You are not limited to PDB entries and may provide your own PDB-formatted structures. To upload your own structures, first specify the number of files to be uploaded and a new form will be generated. The ‘Structure weight’ (default value .2) controls how much influence ASH has on the MAFFT alignment. Different values might need to be experimented with, depending on the ratio of structures to sequences.
[Methods]
MAFFTash works by first aligning all pairs of structures using a modified version of the program ASH, then extracting the aligned residue pairs and constructing a multiple sequence alignment of all sequences with a reward for the structurally aligned residue pairs.
Structural alignment
The ASH was modified so that each structure is first partitioned into domains using Protein Domain Parser, then all pairs of domains are aligned using conventional ASH. Finally, a complete pairwise alignment of the whole structure is formed from a dynamic programming calculation constructed from the complete set of domain-domain alignments. In this way, the ASH alignment is 'rigid' within domains but 'flexible' between domains.
Sequence alignment
A multiple sequence alignment is computed using a modified version of the program MAFFT.
[Prep-MAFFTash]
MAFFTash provides a tool for automatically preparing valid MAFFTash input from a limited set of sequences or PDB IDs. To use this feature, click Prep-MAFFTash under the Example on the MAFFTash top page.
The Prep-MAFFTash entry form looks like the MAFFTash page. There is a text window where sequences and/or PDB IDs can be pasted; however there are a number of additional options. These are grouped into three sections:
-
Add structures. This feature will use BLAST to search the PDB using and input
you type in the text box as a query. There are three parameters that control what Prep-MAFFTash
retrieves:
- a. Max seq ID between added structures (default 90%). This parameter prevents many instances of a particular structure from being retrieved. If you want fewer structures, lower the value; if you want more, increase it; using 100 will add all PDB entries that are homologous to your input. The pruning of sequences is performed using the program cd-hit [10]

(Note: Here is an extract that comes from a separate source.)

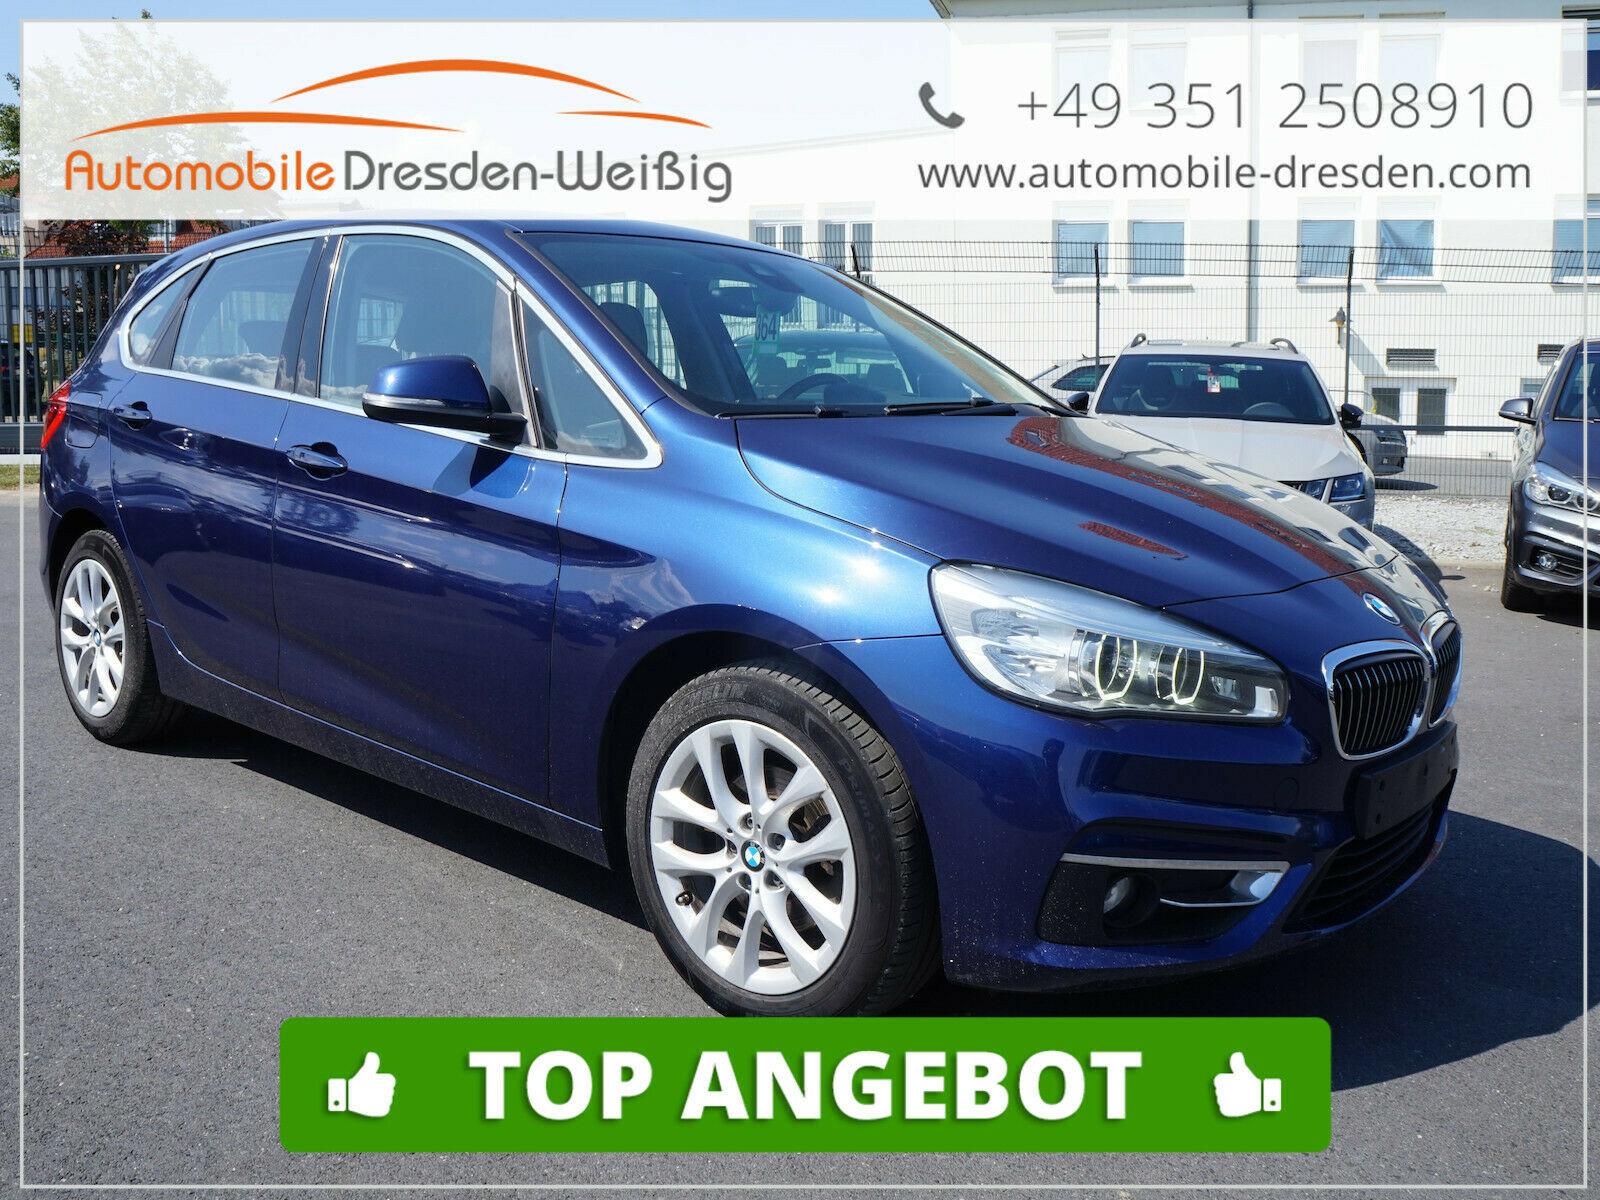 BMW 218 Active Tourer LuxuryLine*Leder*Navi+*LED, Jahr 2015, Diesel

- b. Min seq ID from original input (default 20%). This parameter controls what BLAST considers a sequence homolog. Increasing this parameter will reduce the number of PDB entries retrieved; decreasing it will increase the number retrieved. However, an internal parameter prevents PDB entries with e-values0.01 from being included.

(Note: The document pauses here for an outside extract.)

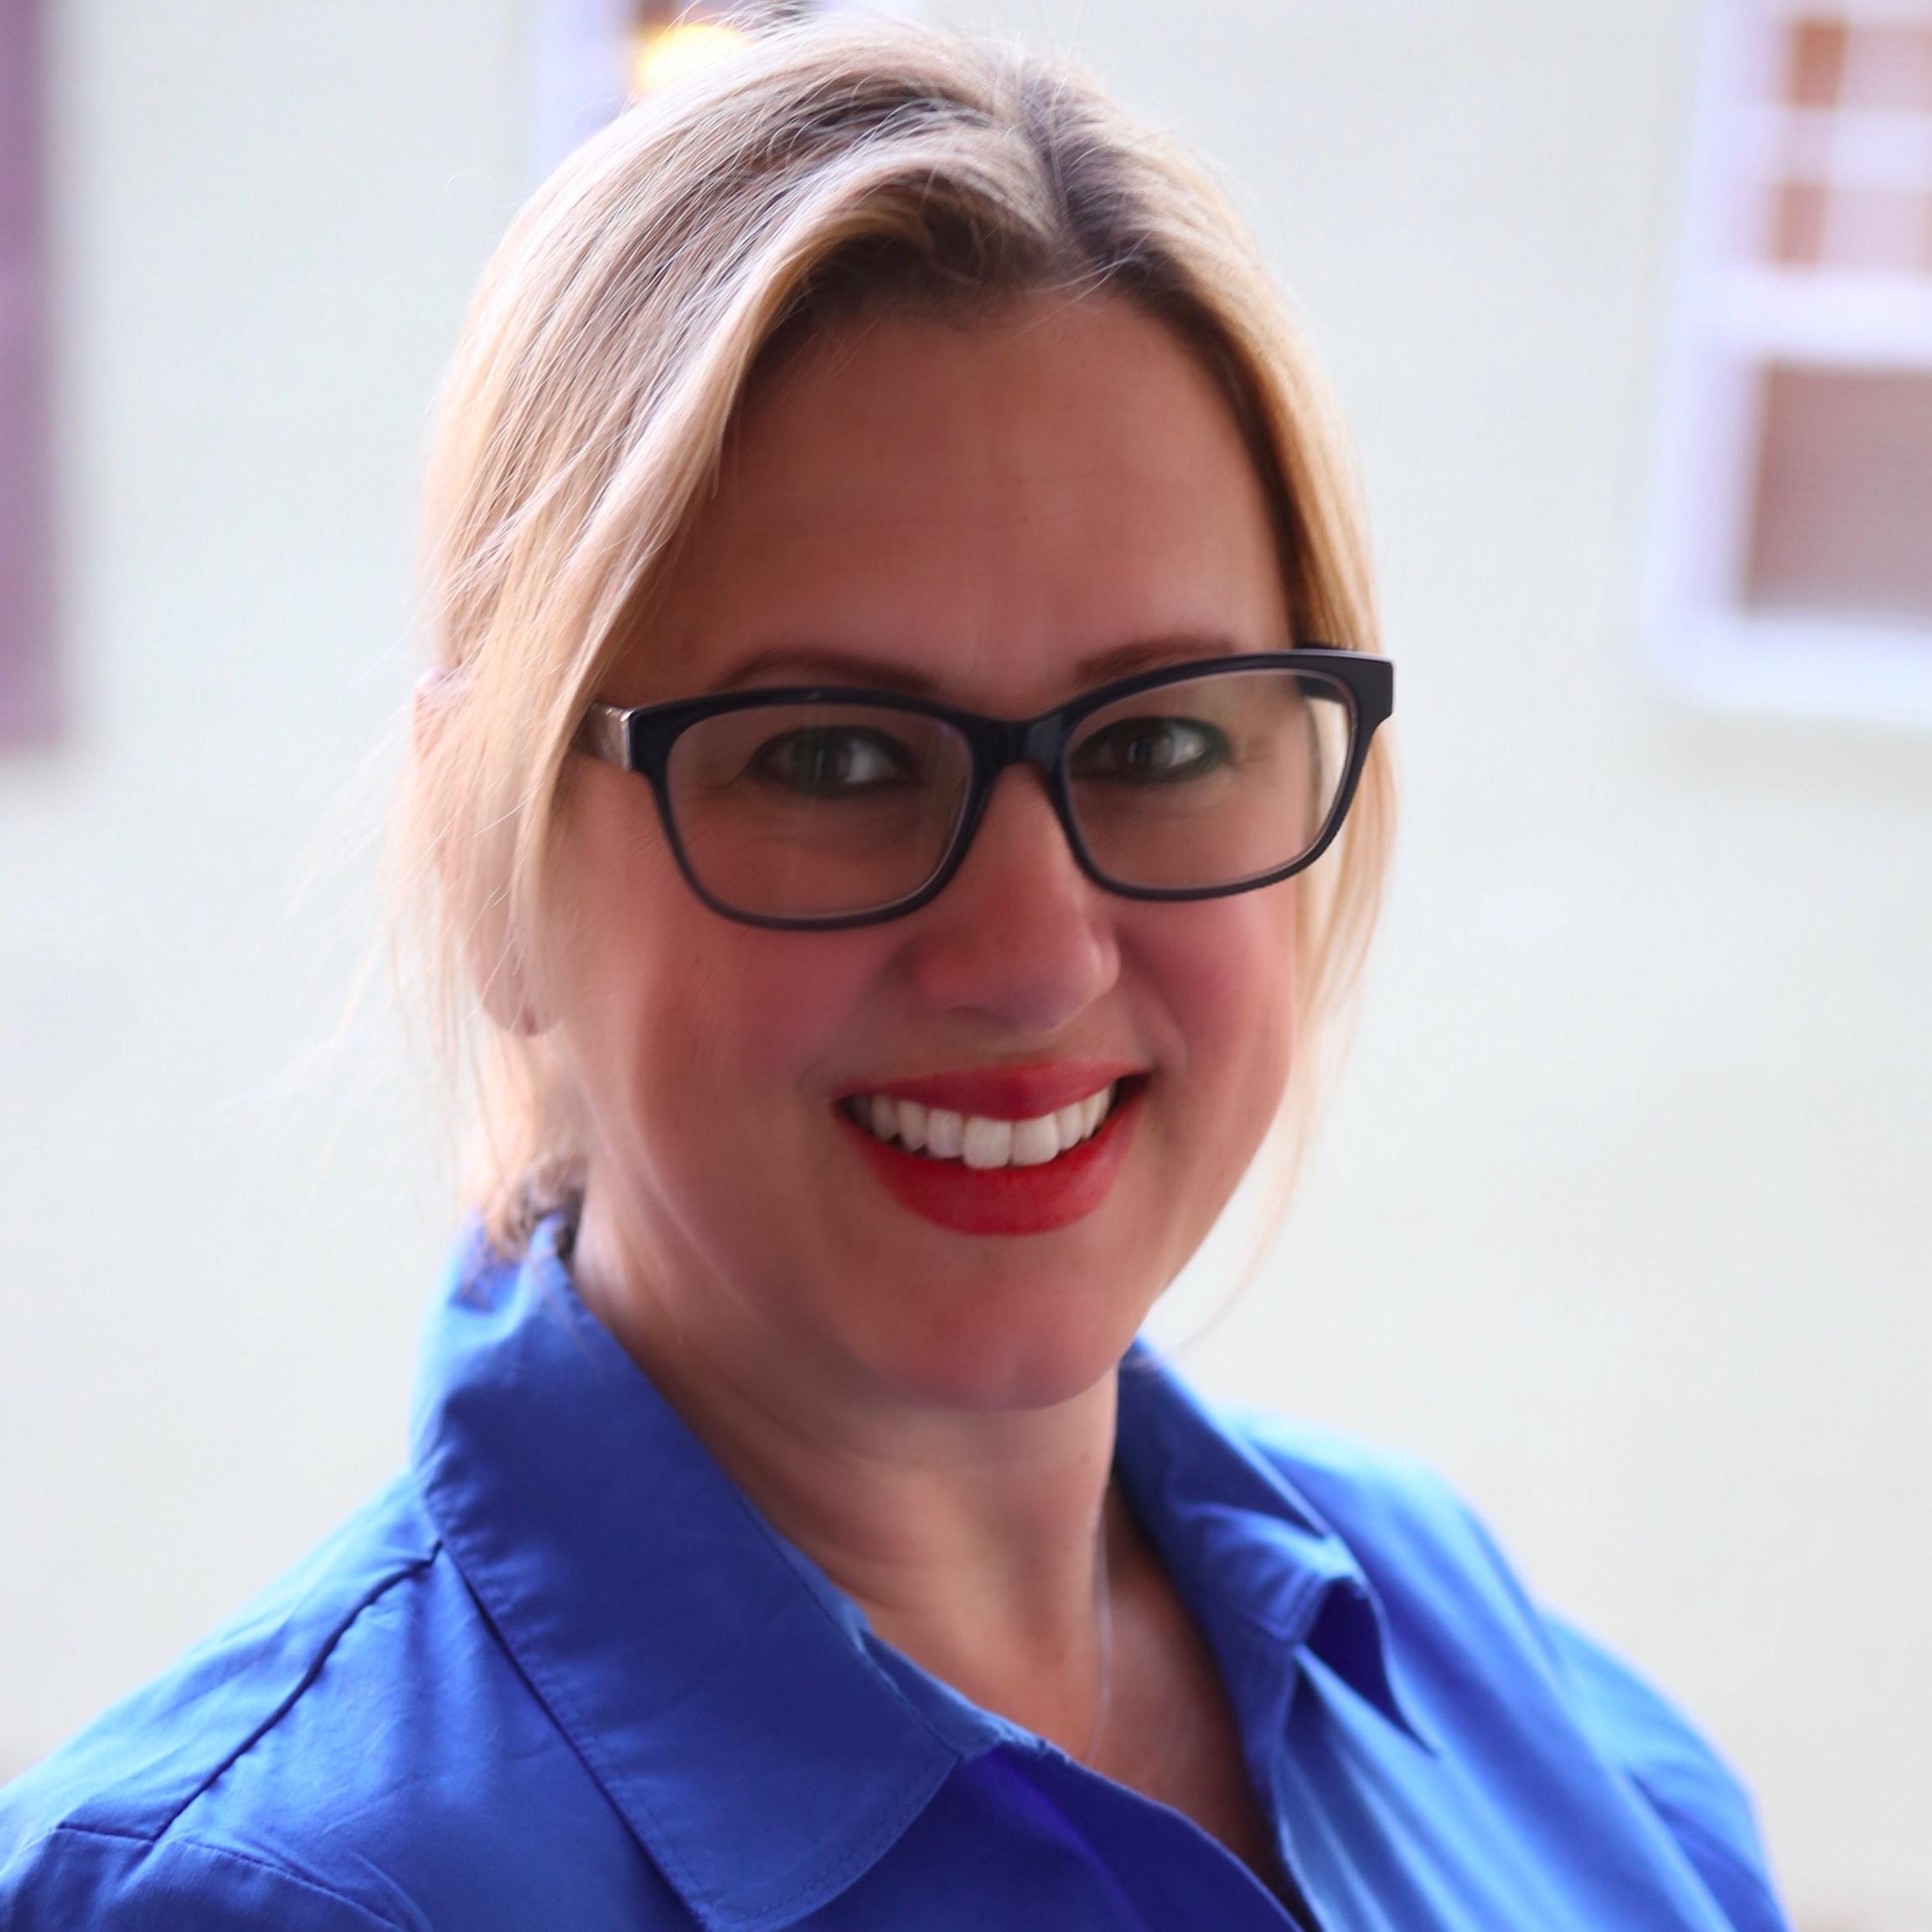 Katherine Ranta for School Board, Alexandria, VA,survivor of gun violence and domestic violence -

- c. Min coverage of original input (default 50%). This parameter determines how much of particular PDB entry must ‘cover’ the query sequence. Ideally, the structure would cover all or most of the query; it it does not, you might consider breaking your query sequences into domains.
-
Add ASH structural neighbors. This feature allows you to pull in structural
homologs to your query sequence(s). We maintain a database of ASH structural alignments. If one
or more of your queries can be matches to one or more of the structures for which pre-computed
alignments are available, the list of structural ‘neighbors’ can be added subject to the
following constraints:
- a. Max seq ID between added structures (default 90%). This parameter is analogous to 1.a (above) except that it applies to the ASH structural neighbors.
- b. Min seq ID from original input (default 0). This parameter is analogous to 1.b (above) except that it applies to the ASH structural neighbors.
-
Add sequences. This feature allows you to pull in sequences from the UniRef
database. The options are similar to those above.
- a. Max seq ID between added sequences (default 90%). This option is analogous to 1.a (above) except that it applies to the Uniref100 sequences. Be careful about making this too large as there are potentially many homologous sequences.
- b. Min seq ID from original input. (default 0). This parameter is analogous to 1.b (above) except that it applies to the UniRef100 sequences. Again, be careful about adding too many sequences, unless you are sure that is what you want.
The output of Prep-MAFFTash is just a MAFFTash-formatted input file. You can paste it into the MAFFTash text window or upload it as a file.
[MAFFTash Output]
MAFFTash will send an email containing a link to your results. The results consist of a FASTAformatted multiple sequence alignment (a text file) as well as a Jalview[11] link from which you can view the multiple sequence alignment in your web browser.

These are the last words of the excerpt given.